Most Ordinary Americans in 2016 Are Richer Than Was John D. Rockefeller in 1916 - tokenadult
http://cafehayek.com/2016/02/40405.html
======
rgbrenner
The author is trying really hard to trivialize inequality. First, comparing
Rockefeller with $1B.. except he was worth what would be $340B in todays
dollars. So first, he lowers the topline of the comparison.

He says a letter overnight is impossible.. even though the telegraph existed
for over 70 years at that point. Then he throws in some more trivial
inconveniences: phones being attached to the wall.

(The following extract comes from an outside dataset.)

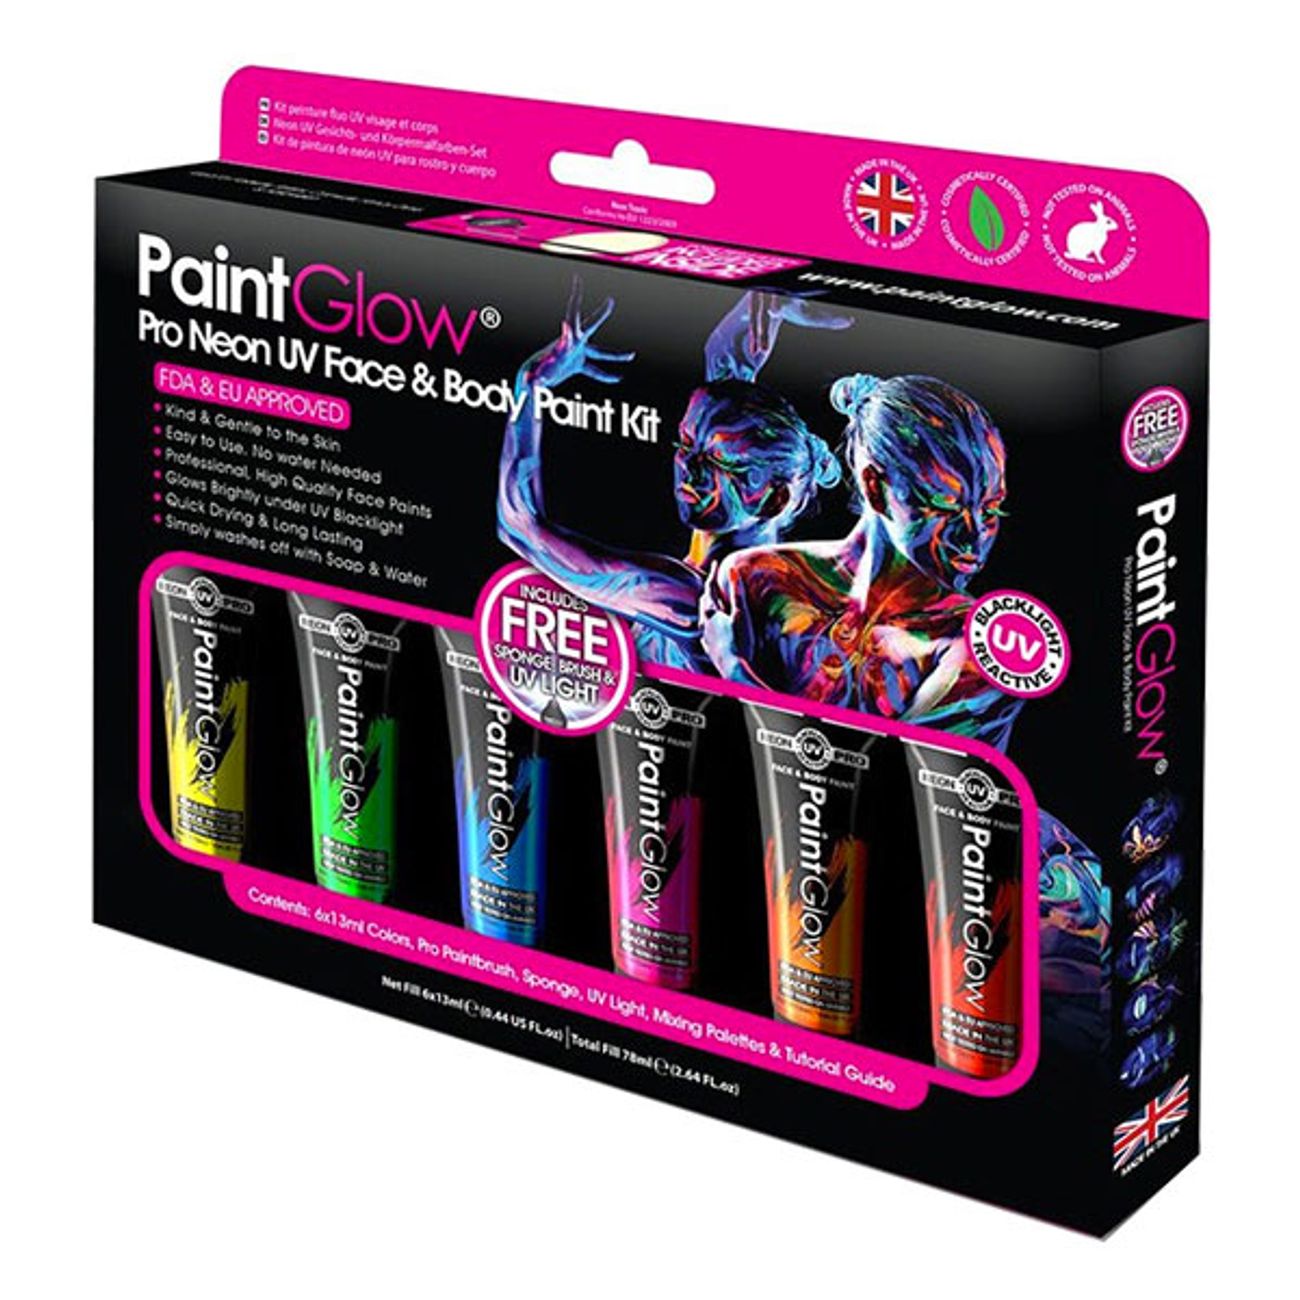 paintglow-pro-uv-neon-ansikts-kroppsfarg-kit-1

Then he adds in a few lies like being unable to get foreign food in NY in
1916. Hey guess what? NY had plenty of immigration in 1900, and Italian,
German, Jewish, Chinese and Eastern European food was easily found:
[http://leitesculinaria.com/10348/writings-dining-through-
the...](http://leitesculinaria.com/10348/writings-dining-through-the-decades-
american-food-history.html)

And while many of the points are true.. like it taking days to travel to
Europe.. he forgets that as a billionaire, you can send people on your behalf,
and they can telegraph information back to you from Europe. You, as a
billionaire, never needs to make that trip.

And if you're really worried about your limo breaking down.. as a billionaire,
why not just have a few dozen follow you around, just in case? (Edit: also
there were horse drawn and electric taxis operating in NY since the 1890s..
and even if he didn't want to take a taxi, it would still be useful for
sending someone to notify whoever that he would be late for the meeting
(something he pretends can only be done with a phone, and therefore impossible
in 1916.))

He spends no time thinking about how he would actually utilize the resources
of Rockefeller in 1916.. but would trade it all for a phone that isn't
attached to the wall. Sure.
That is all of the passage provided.